'''
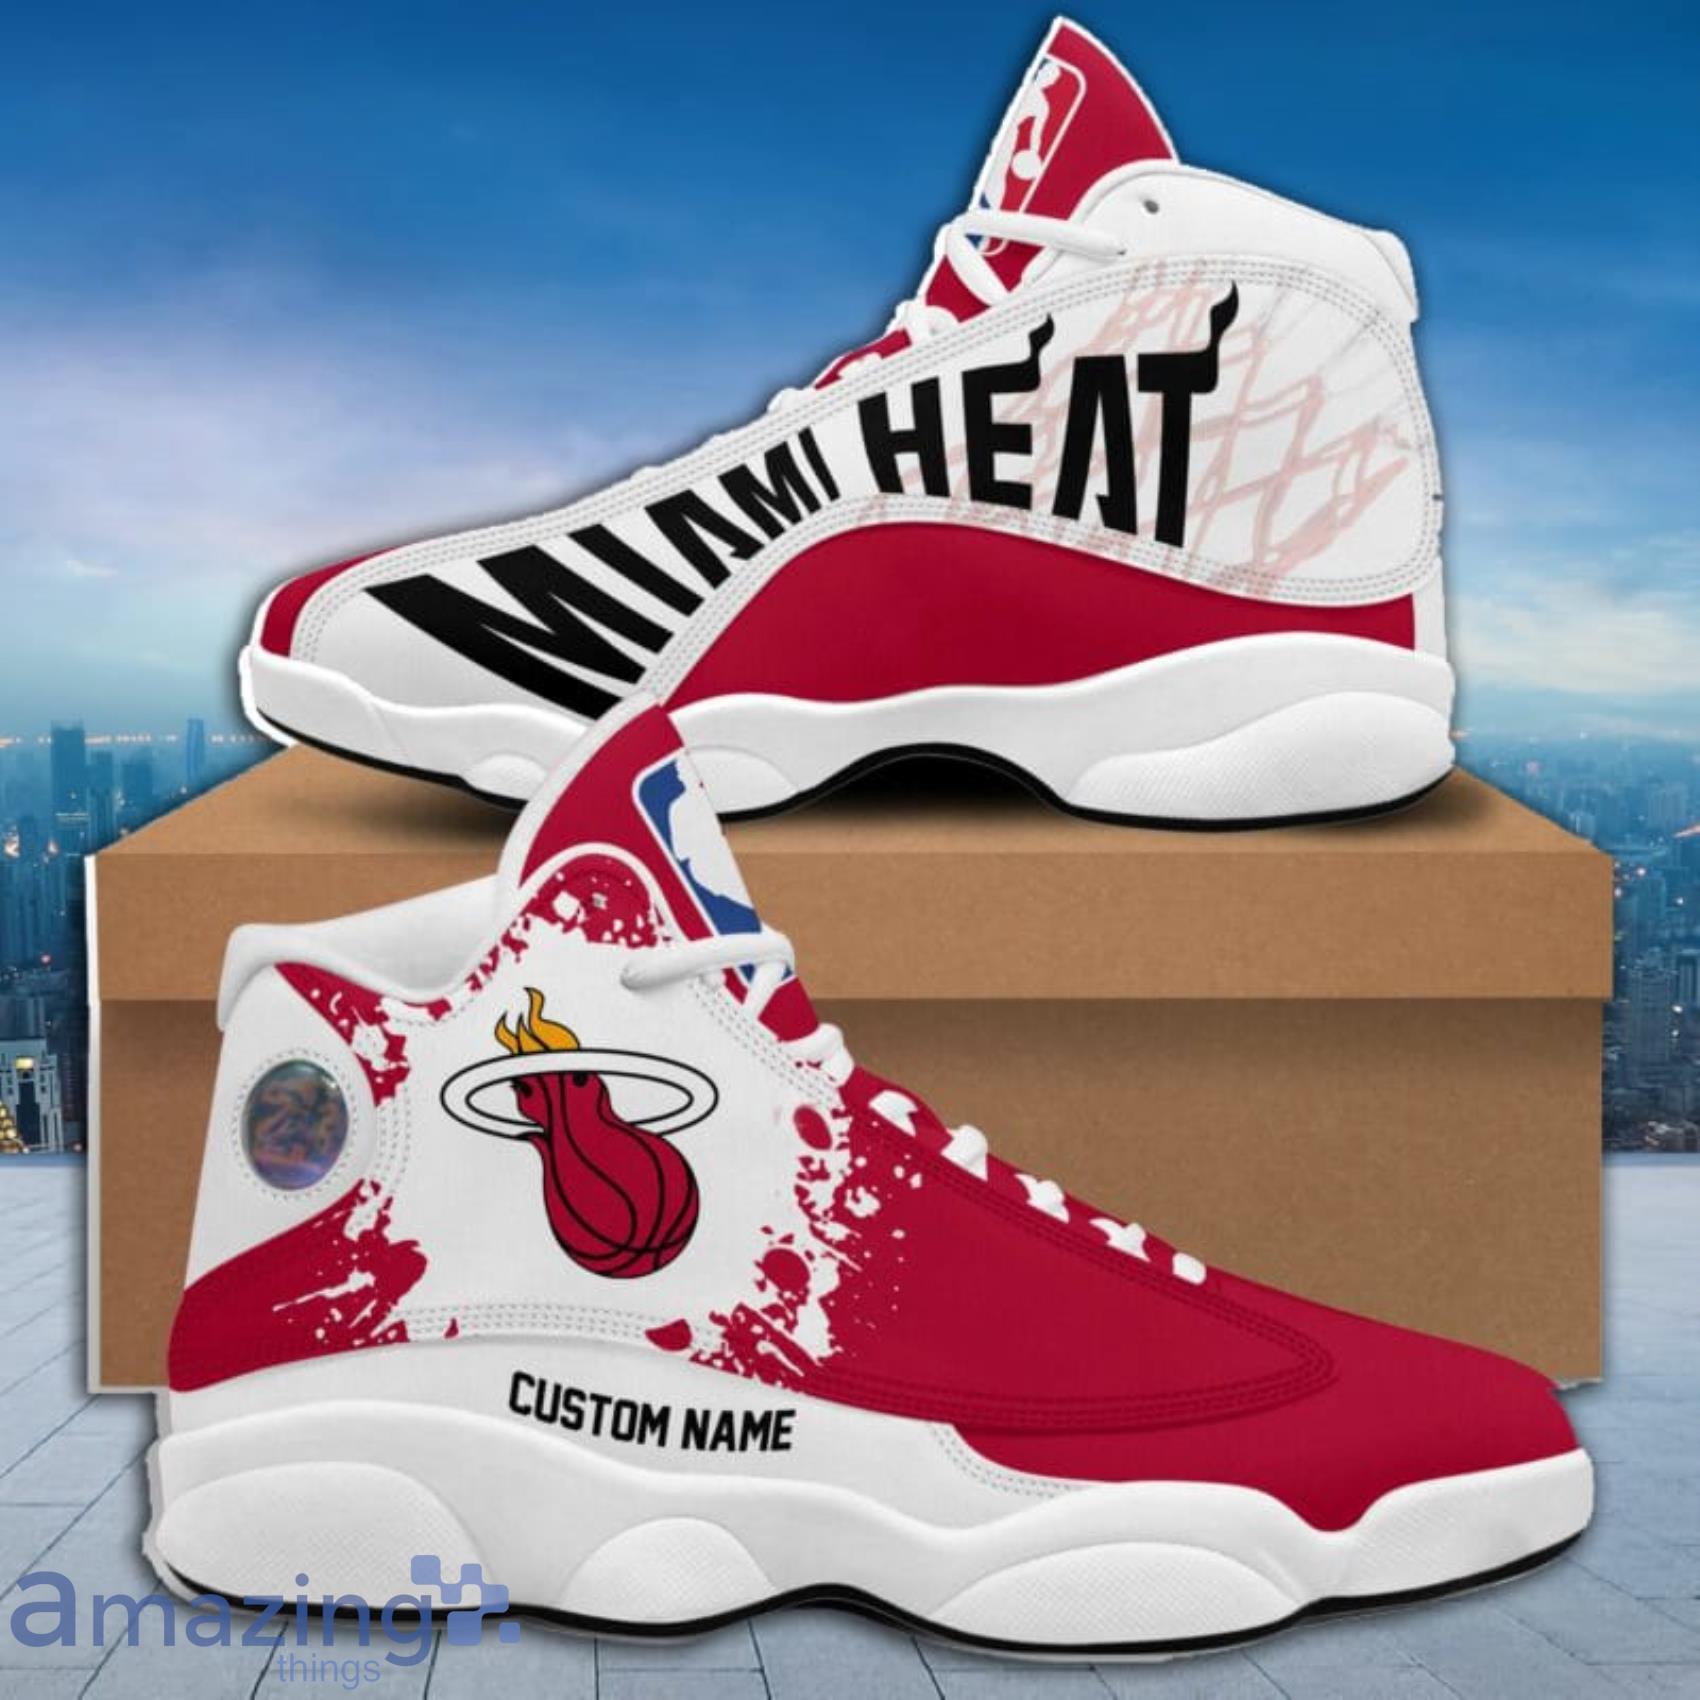 Air Jordan 13 Miami Heat Custom
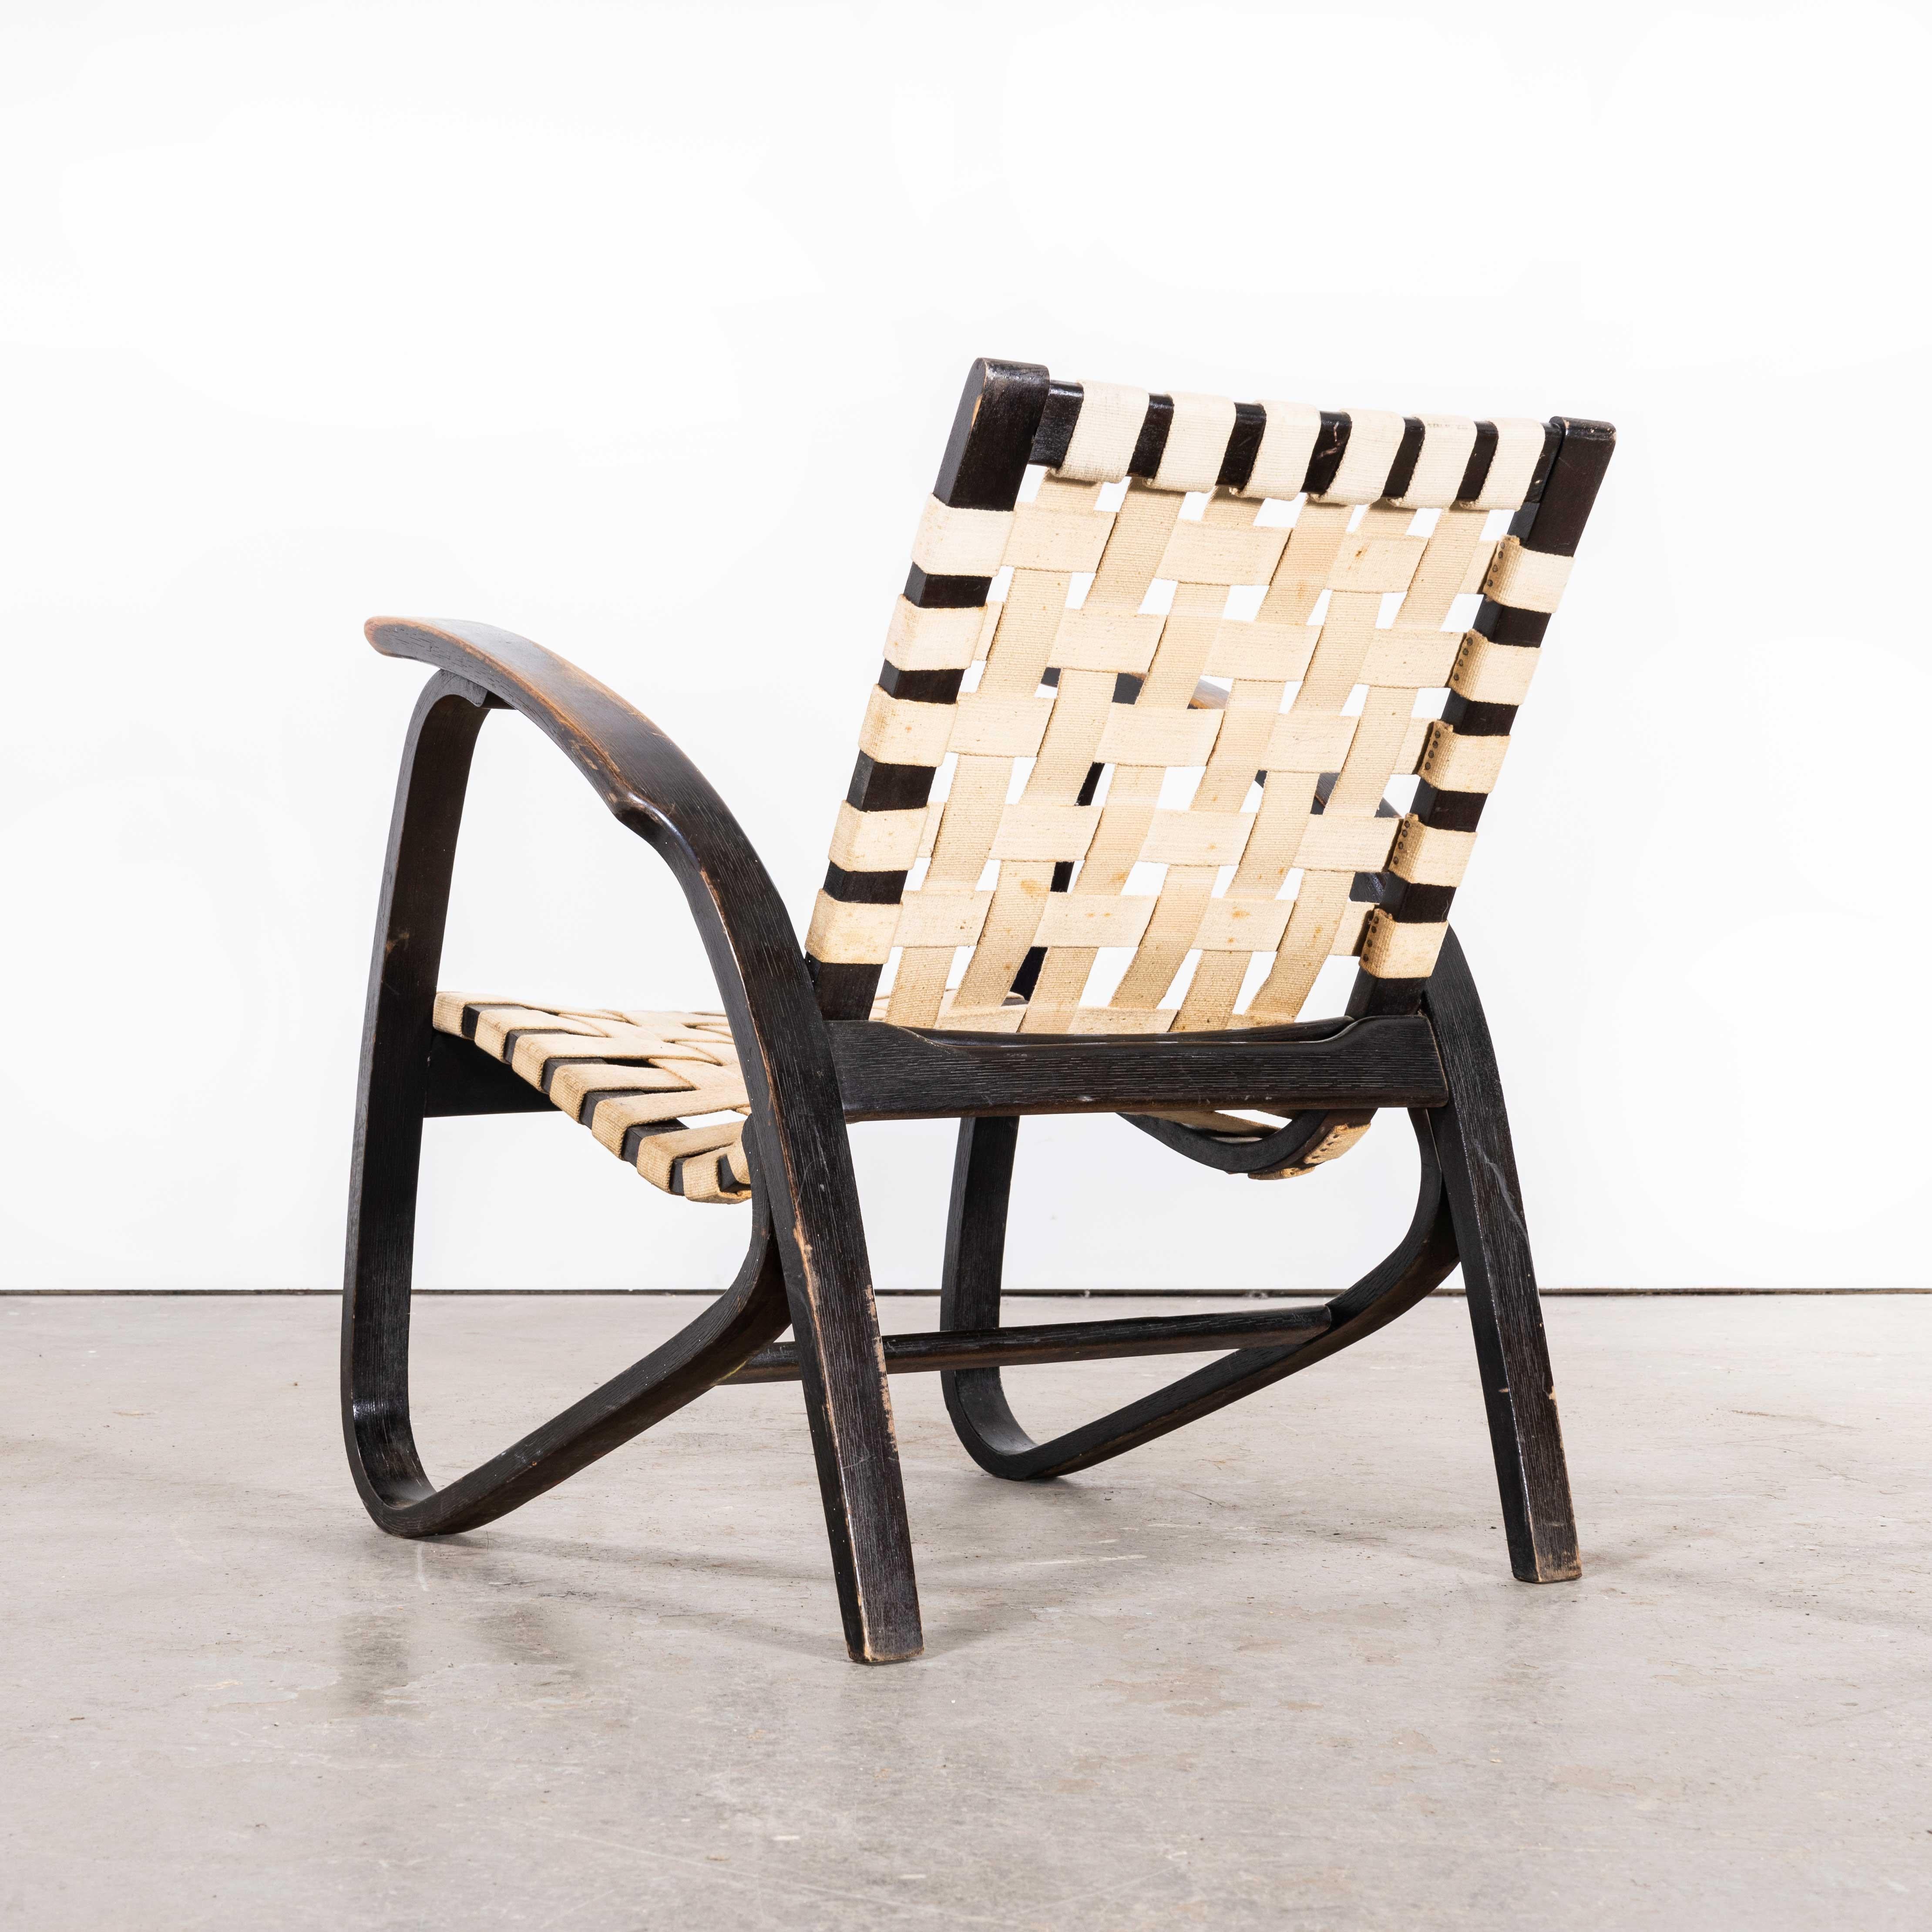 Paire de fauteuils en bois courbé de Jan Vanek, 1930
Paire de fauteuils en bois courbé des années 1930 par Jan Vanek - fabriqués par le producteur tchèque Up Zavody. Jan Vanek était l'un des principaux designers et architectes d'intérieur tchèques
'''
## [PROBLEM STATEMENT]
Leaving images out, please output every line of the data exactly.

## [ANSWER BOX]
 Air Jordan 13 Miami Heat Custom
 Paire de fauteuils en bois courbé de Jan Vanek, 1930
Paire de fauteuils en bois courbé des années 1930 par Jan Vanek - fabriqués par le producteur tchèque Up Zavody. Jan Vanek était l'un des principaux designers et architectes d'intérieur tchèques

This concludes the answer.